US owes millions of dollars to Cuba: Fidel Castro
Cuba has its own claims, as noted in a newspaper column by Fidel Castro on Thursday saying the U.S. owes the island “numerous millions of dollars” for damages caused by the embargo.
Eisenhower’s move followed an order from the relatively new Cuban president, Fidel Castro, to remove all but 11 U.S. diplomats from the country.
There has already been a significant increase in U.S. visitors since December, much to the delight of Cuba’s privately run tourist sector.
But as they’ve was employed to replace connections, the main target transported to entertaining a central authority that often encounters the dissidents as Simply.S. mercenaries.
“One of the reasons that the US has changed its approach to Cuba is the realization that government officials are going to shape what happens here next, while the dissidents will play only a marginal role, ” he said. In 2015 Raul does what many considered unthinkable: Restores diplomatic relations with Cuba’s long-time nemesis: The United States. He doesn’t trust the U.S. or the Cuban government to help him or his family.
Lawmakers, entrepreneurs and Cuban American activists clamoured for a chance to fly down with Kerry and his official delegation.
Marco Rubio will mark the U.S. flag being raised in Havana for the first time in more than 50 years with a speech in New York, assailing President Barack Obama for making “dangerous deals” with Cuba and Iran.
Fidel Castro is celebrating his…
From left, James Tracy, Larry Morris and Mike East – the Marines who lowered the flag at the U.S. Embassy in Havana in 1961.
Thursday, Senator Amy Klobuchar was in Mankato at Vikings training camp…but Friday, she will be in Havana along with Secretary of State John Kerry to celebrate the re-opening of an embassy in Cuba.
Kerry is flying into Havana on Friday to formally reopen the long-closed Embassy.

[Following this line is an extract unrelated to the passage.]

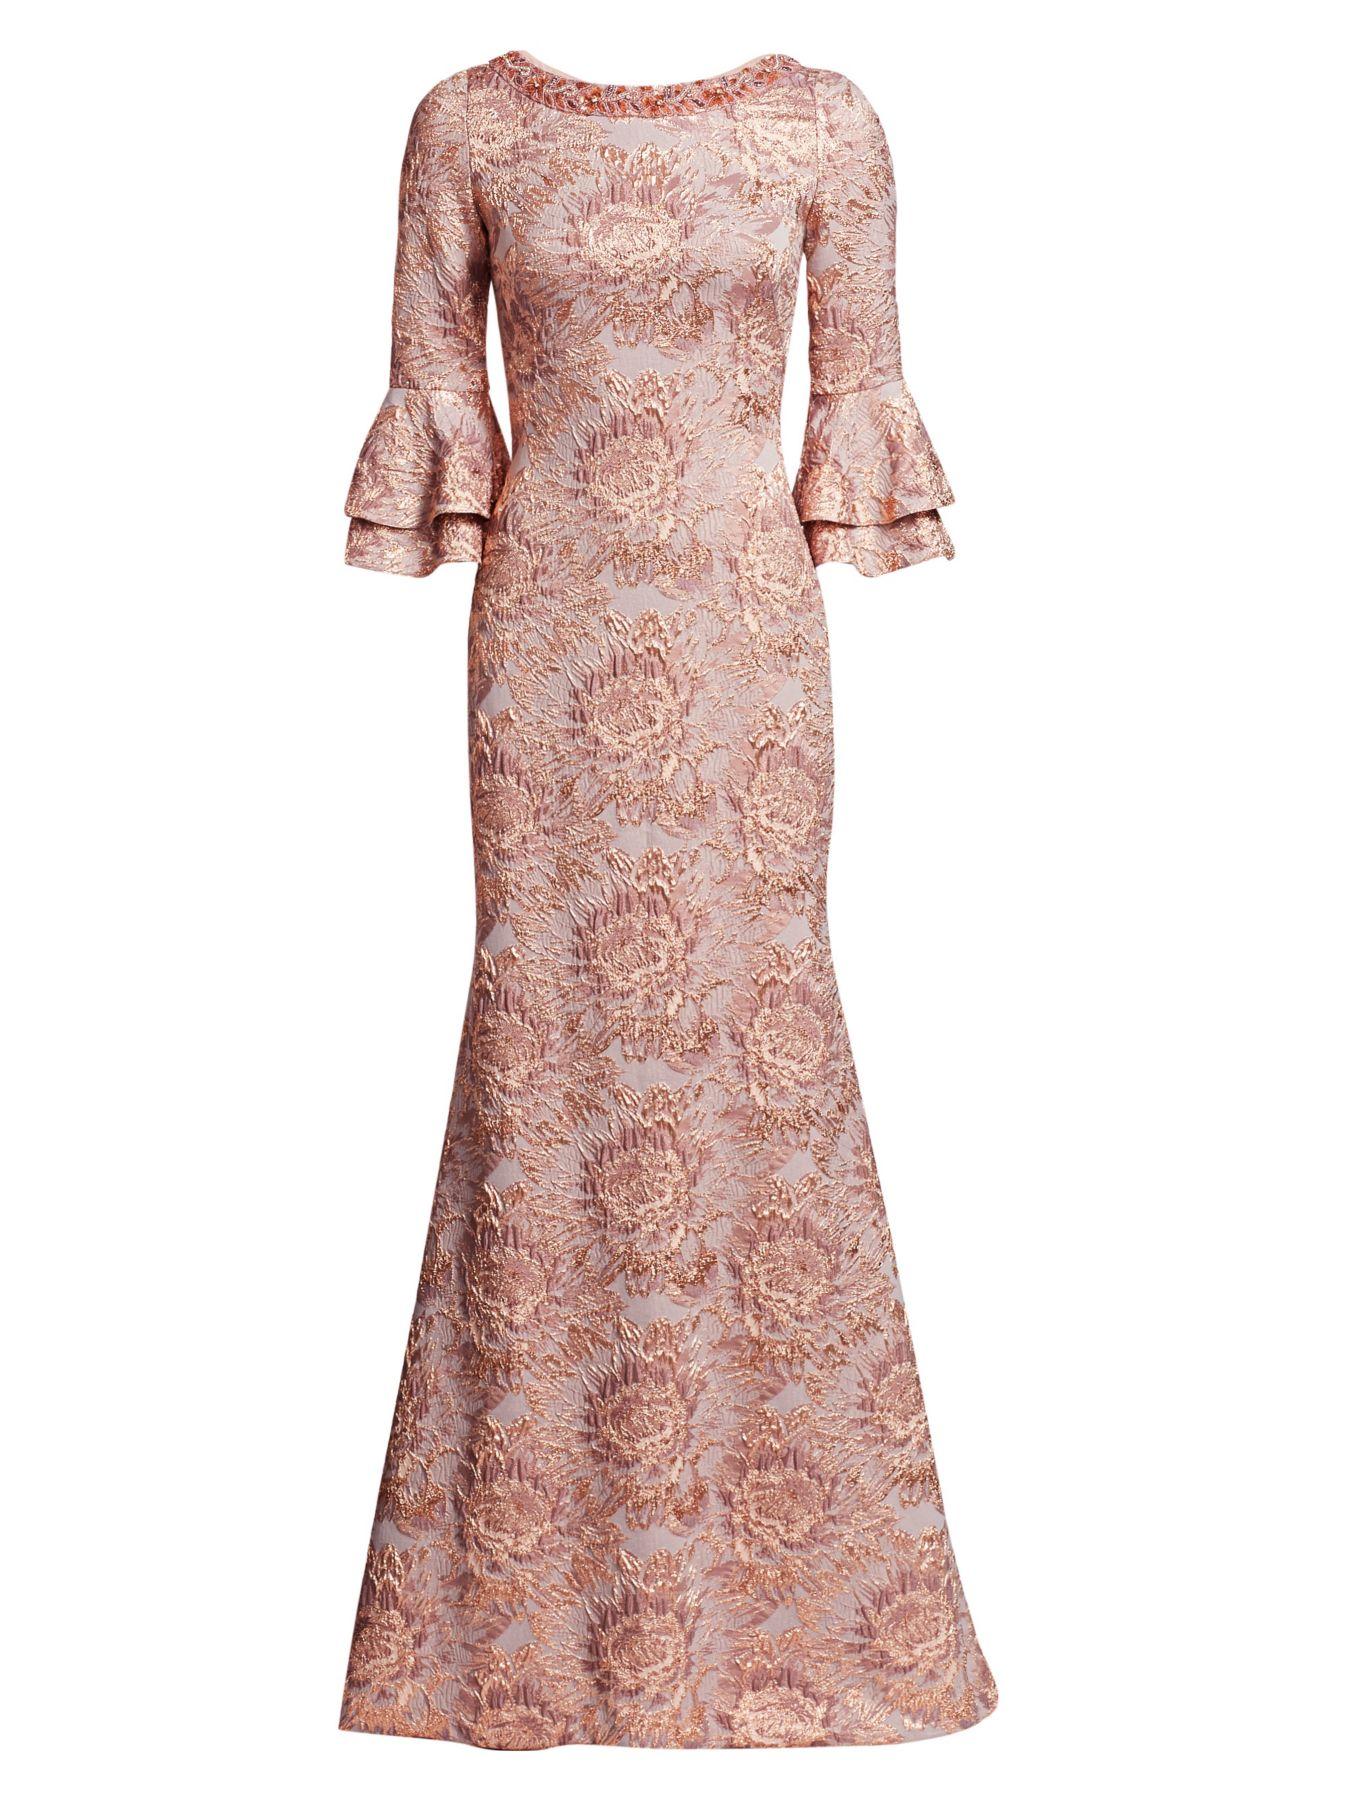 THEIA Metallic Floral Jacquard Bell-sleeve Trumpet Gown in Antique Rose ...
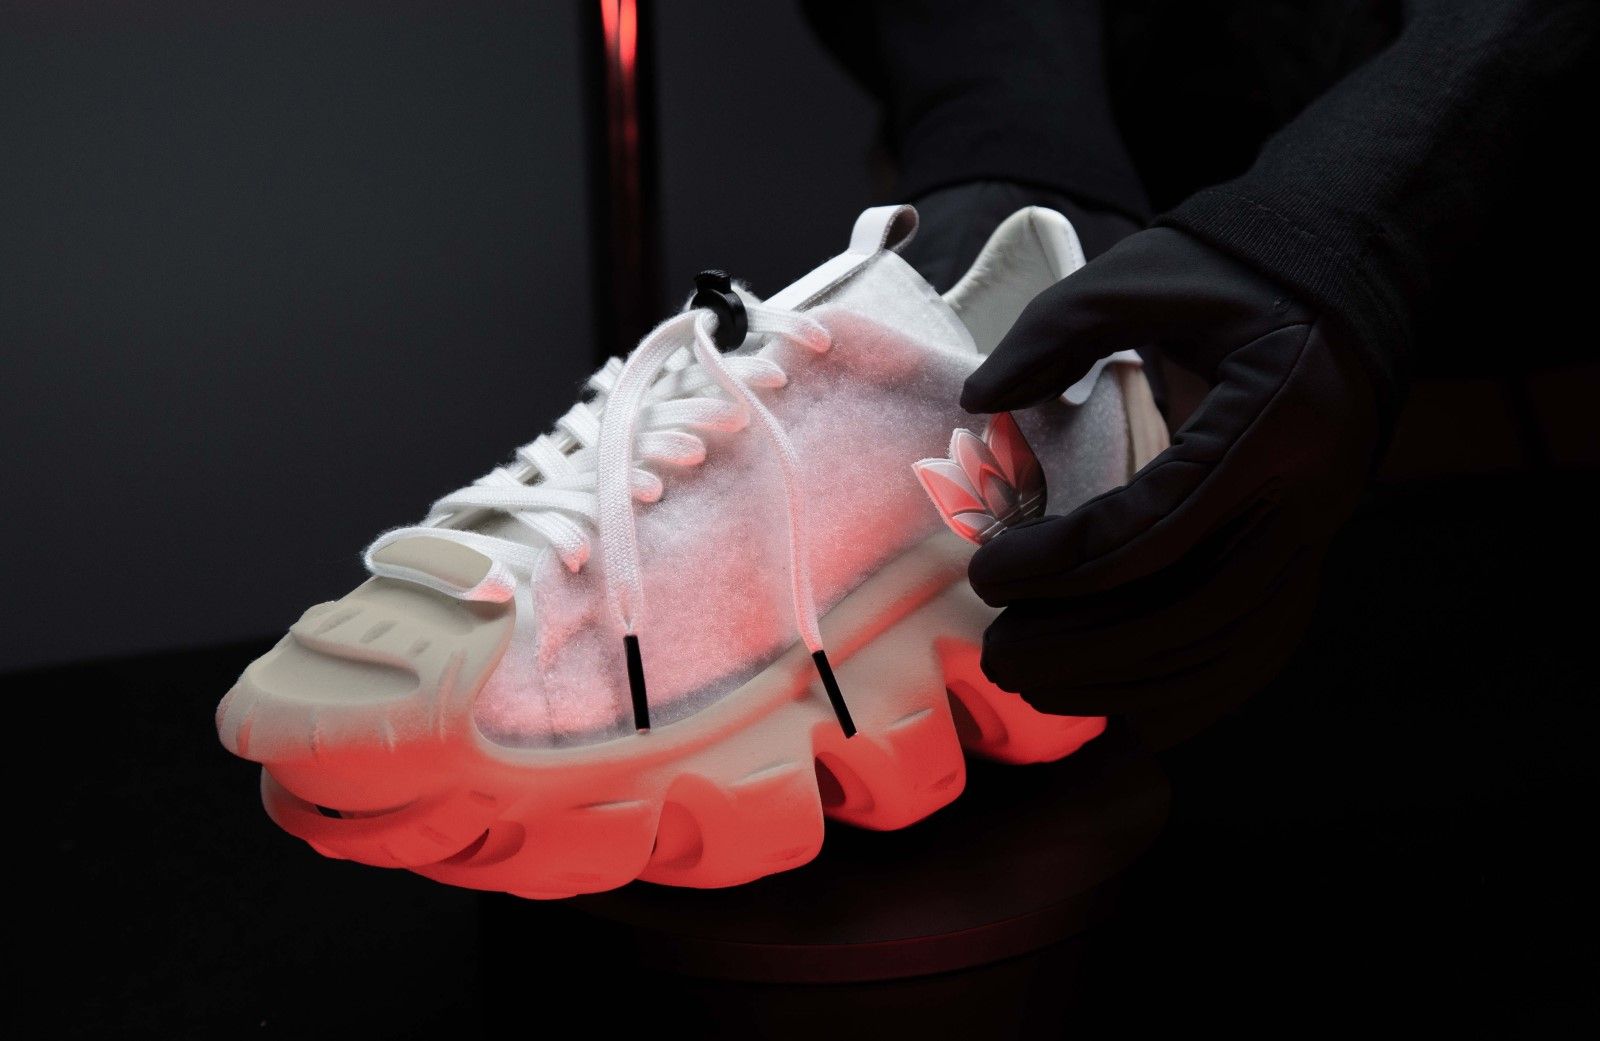 Runner Tatic is the new sneaker from Louis Vuitton - HIGHXTAR.

Kerry, however, is set to hold a low-profile meeting later in the day with “a small group” of Cuban dissidents at the home of the chief of the U.S. mission there. Relations with the United States were broken in 1961 as Castro led Cuba rapidly into a socialist model allied with the Soviet Union. Only a day earlier, President Dwight D. Eisenhower had announced that diplomatic relations between the two countries would cease – the coup de grace to what had been an increasingly frosty relationship.
“It’s one step more for peace”, Tracy said.
After counting Washington as their top ally for decades, opponents of the Castro regime are nervous the US-Cuban thaw will leave them out in the cold. “We must redouble our efforts to educate and support the people of Cuba to ensure that this flag continues to serve as an inspiration for those who seek democracy, justice and respect for human rights”.